CFSv2-based sub-seasonal precipitation and temperature forecast skill over the contiguous United States
- 1Department of Civil and Environmental Engineering, Princeton University, Princeton, New Jersey 08544, USA
- 2Department of Crop, Soil, and Environmental Sciences, Auburn University, Auburn, Alabama 36849, USA
- 3CAS Key Laboratory of Regional Climate-Environment for Temperate East Asia (RCE-TEA), Institute of Atmospheric Physics, Chinese Academy of Sciences, Beijing 100029, China
Abstract. This paper explored the potential of a global climate model for sub-seasonal forecasting of precipitation and 2 m air temperature.
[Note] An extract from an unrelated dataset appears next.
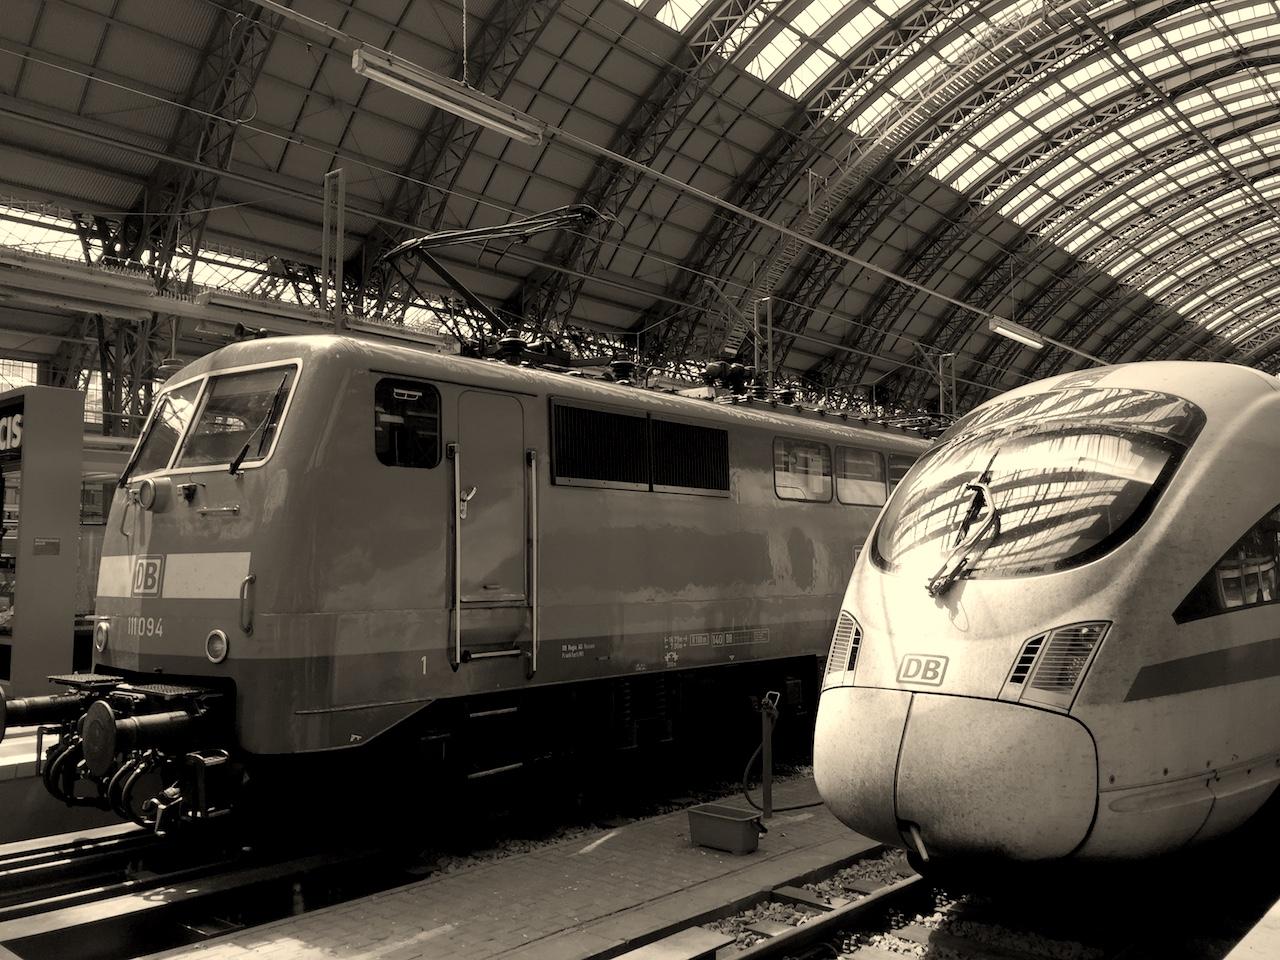 【購入ガイド】夜行列車ユーロナイトのチケットの予約方法を解説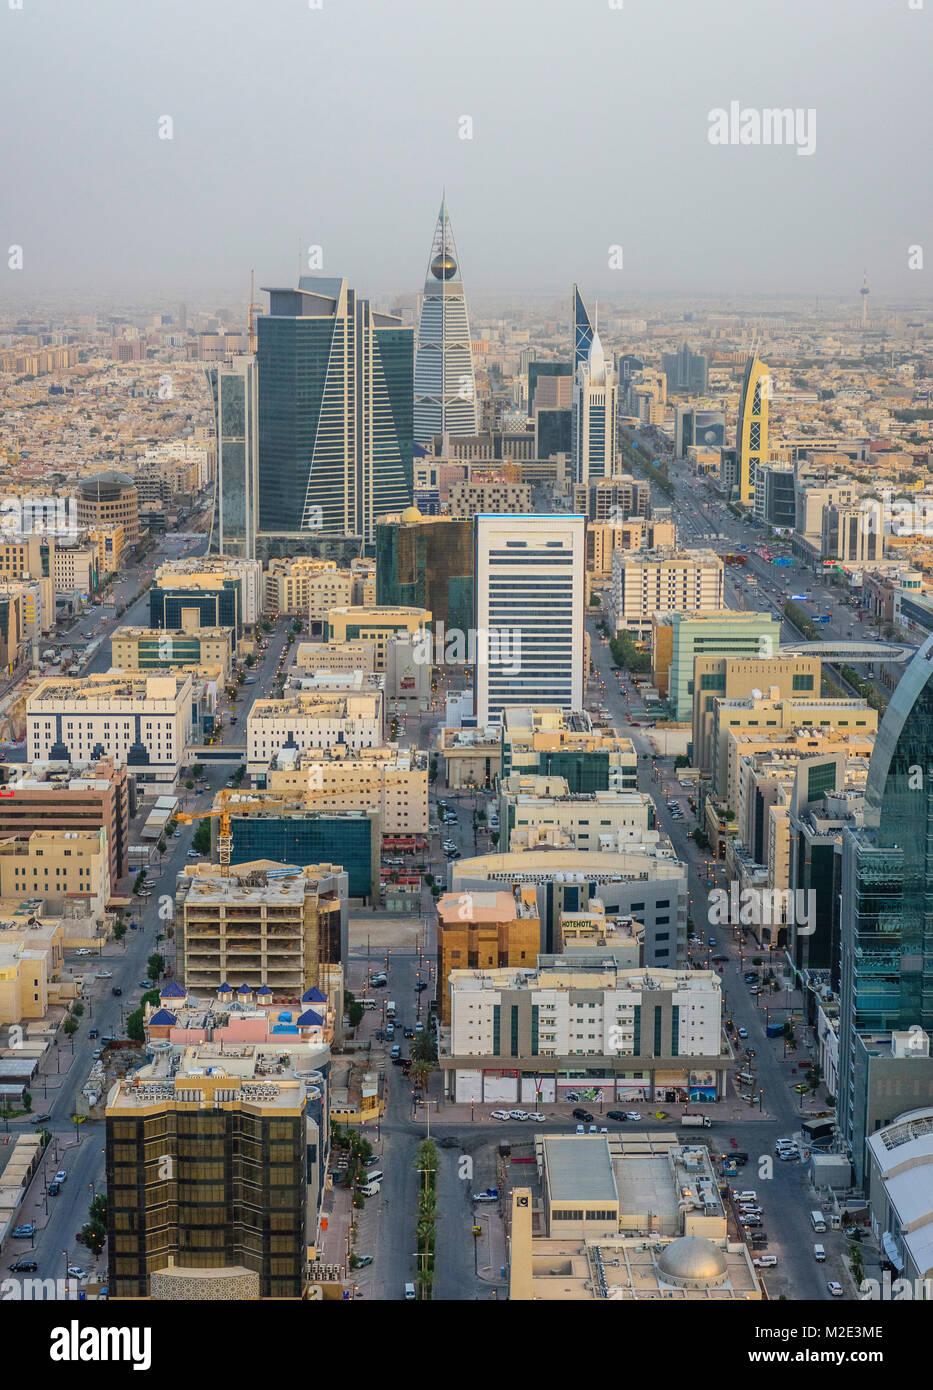 """""""Vista aérea de la ciudad, en Riad, Arabia Saudita' Imagen De Stock"""

The categorical forecast skill of 10 precipitation and temperature indices was investigated using the 28-year sub-seasonal hindcasts from the Climate Forecast System version 2 (CFSv2) over the contiguous United States (CONUS). The forecast skill for mean precipitation and temperature as well as for the frequency and duration of extremes was highly dependent on the forecasting indices, regions, seasons, and leads. Forecasts for 7- and 14-day temperature indices showed skill even at weeks 3 and 4, and generally were more skillful than precipitation indices. Overall, temperature indices showed higher skill than precipitation indices over the entire CONUS region at sub-seasonal scale. While the forecast skill related to mean precipitations was low in summer over the CONUS, the number of rainy days, number of consecutive rainy days, and number of consecutive dry days showed considerably high skill for the western coastal region. The presence of active Madden–Julian Oscillation (MJO) events improved CFSv2 weekly mean precipitation forecast skill over most parts of the CONUS, but it did not necessarily improve the weekly mean temperature forecasts. The 30-day forecasts of precipitation and temperature indices calculated from the downscaled monthly CFSv2 forecasts were less skillful than those calculated directly from CFSv2 daily forecasts, suggesting the usefulness of CFSv2 for sub-seasonal hydrological forecasting.